How to complete this task:
The full listing, excluding its pictures, should be printed exactly as it stands.

### Given data ###

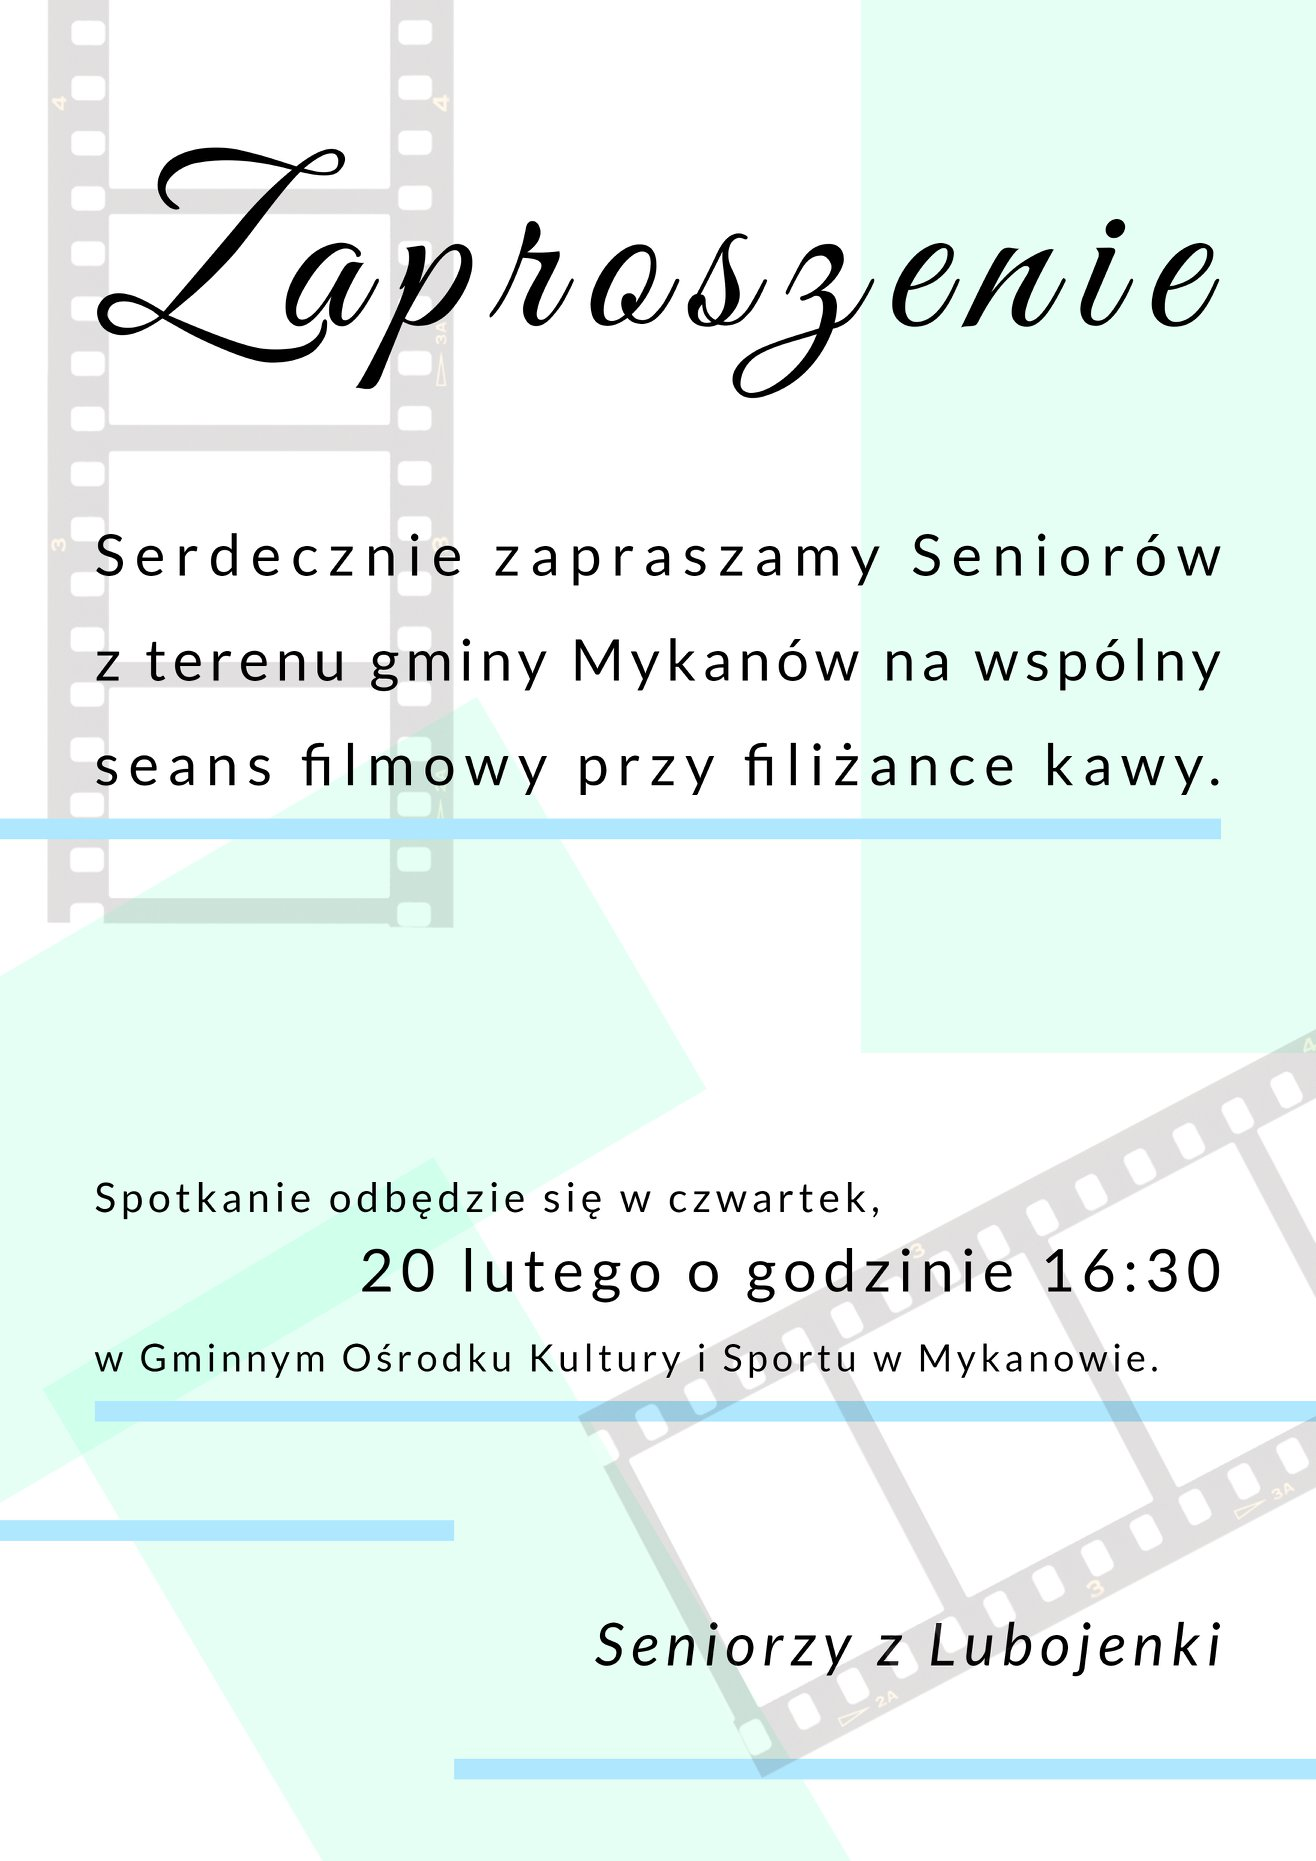 Seniorzy z Lubojenki serdecznie zapraszają na seans filmowy!
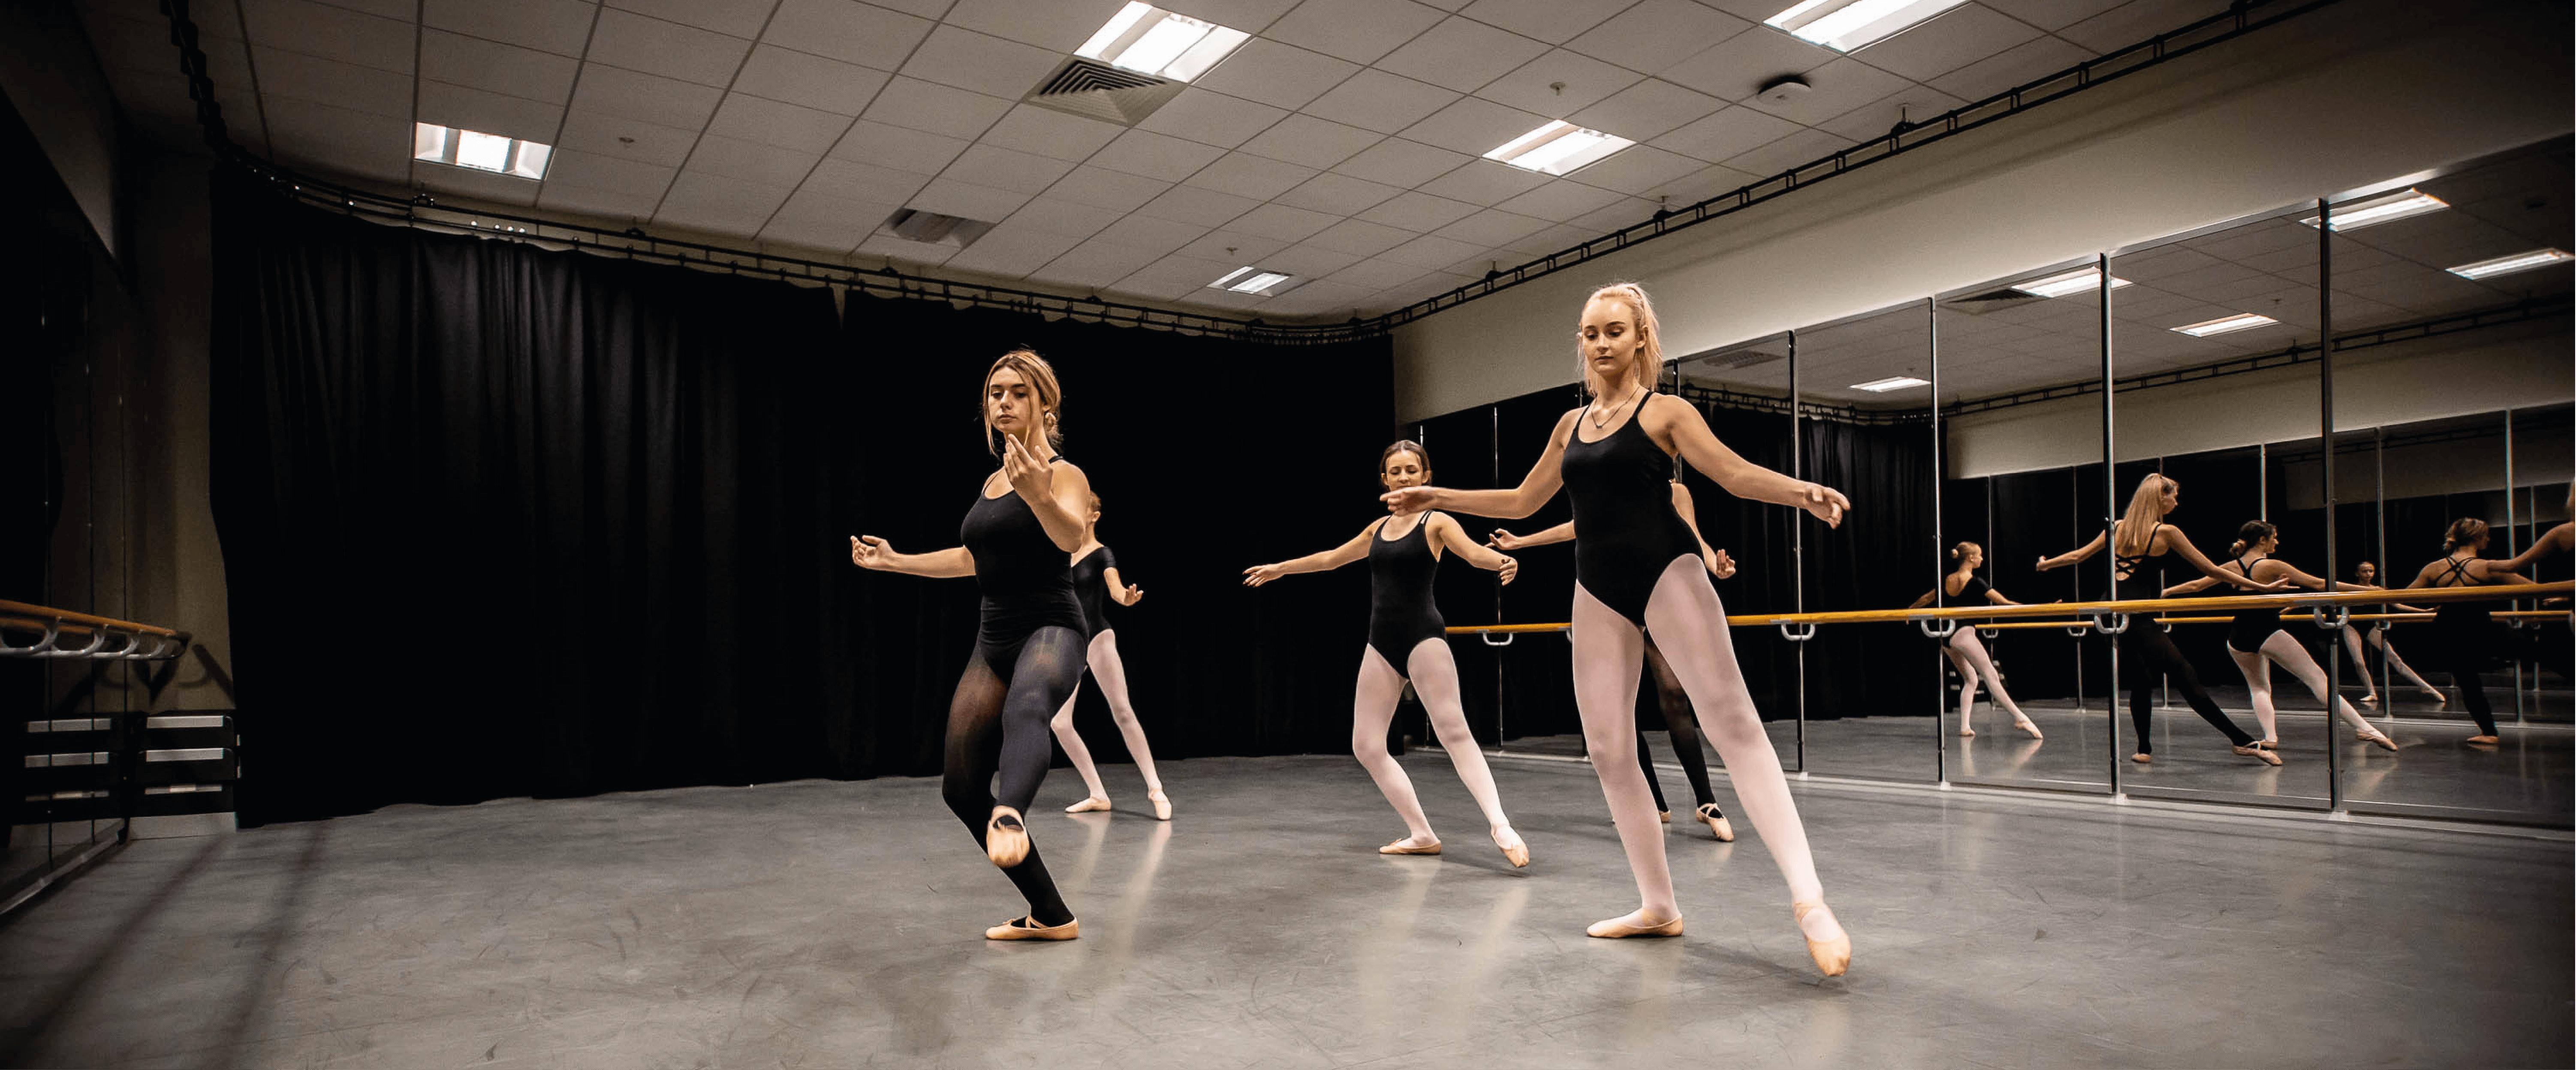 Students ballet practice
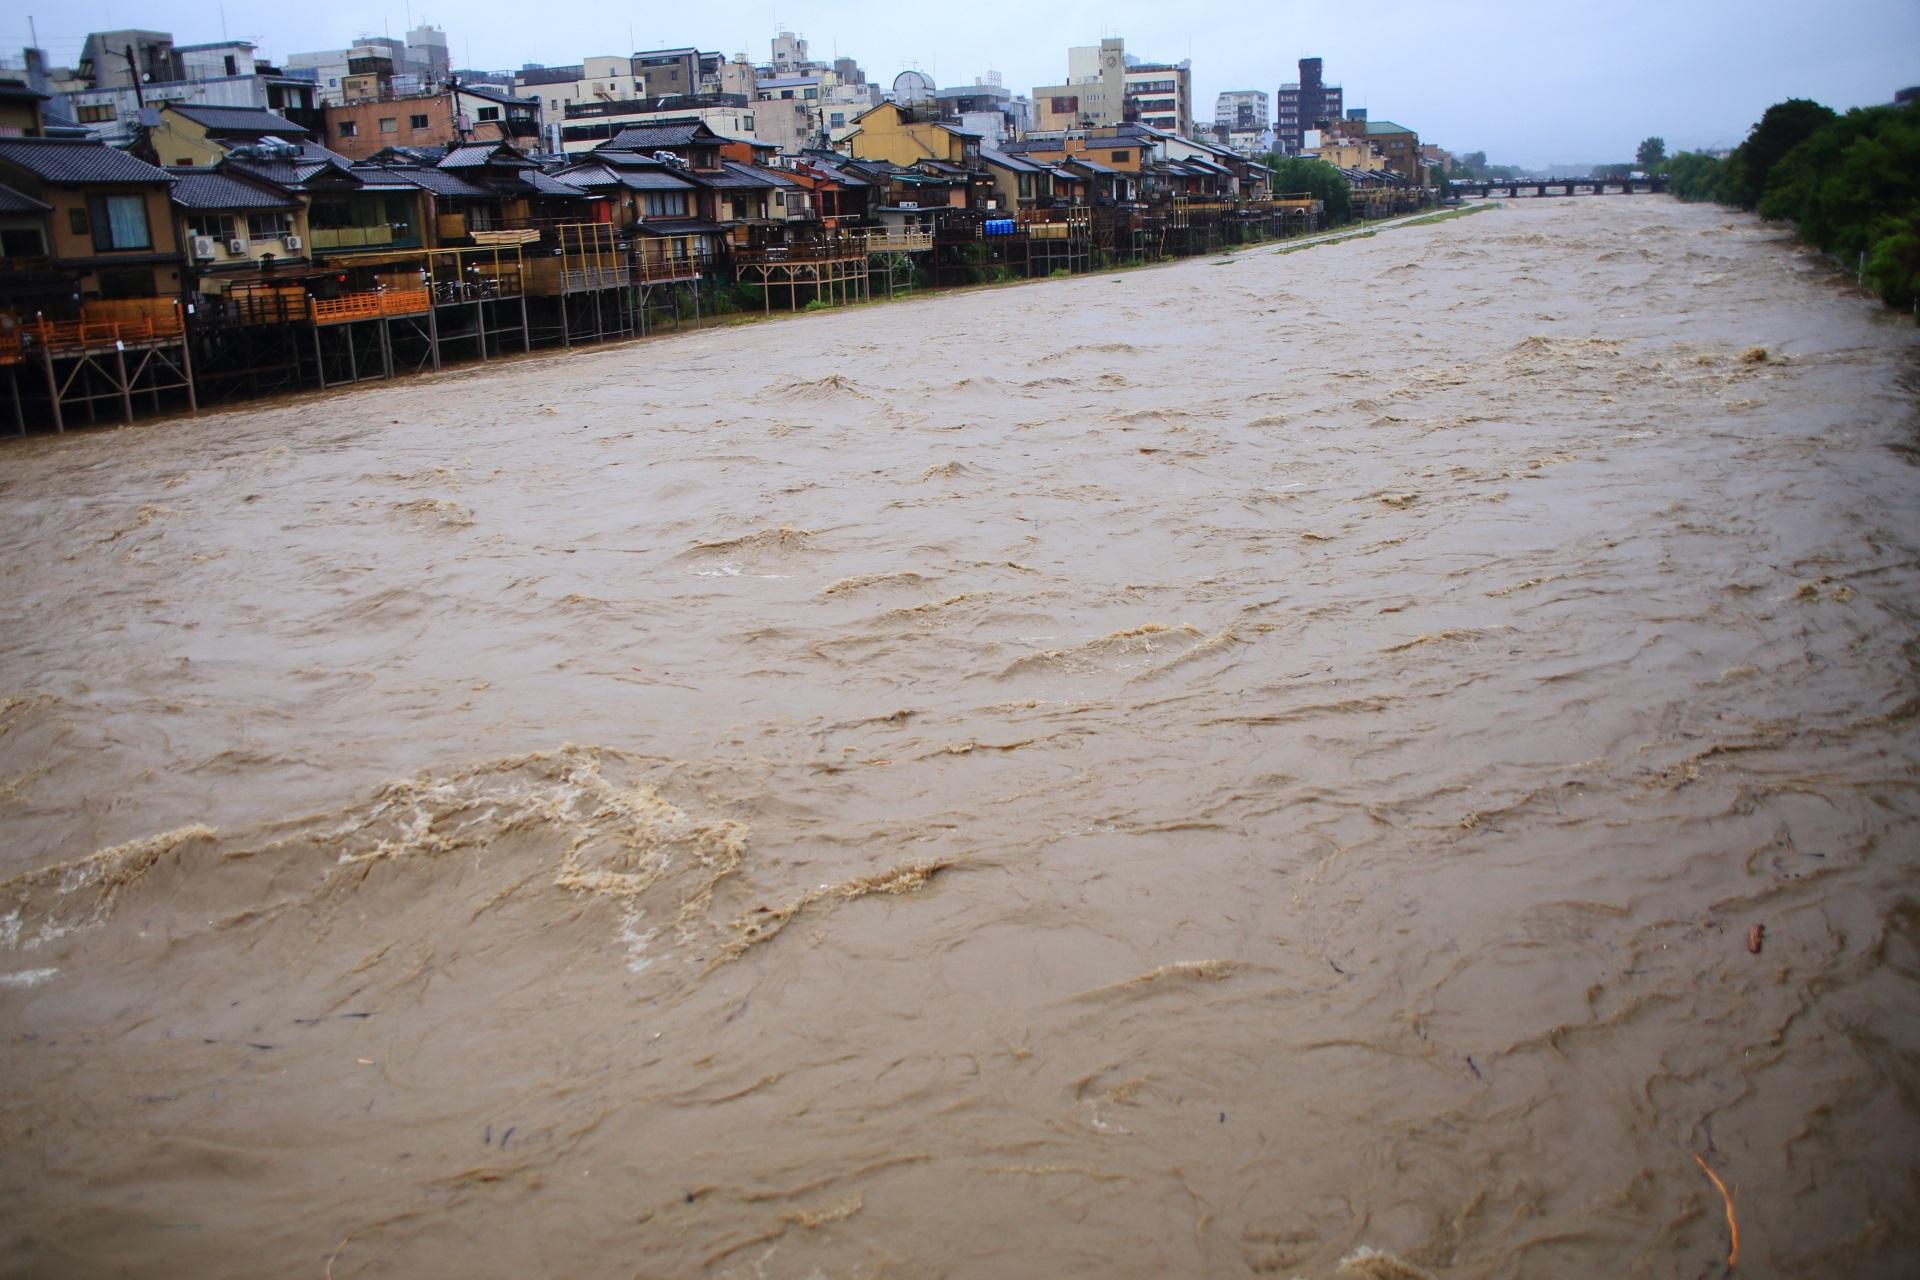 溢れる濁流で川床も水に浸かってしまいそうな激流の鴨川

###

Response to the exercise:
 Seniorzy z Lubojenki serdecznie zapraszają na seans filmowy!
 Students ballet practice
 溢れる濁流で川床も水に浸かってしまいそうな激流の鴨川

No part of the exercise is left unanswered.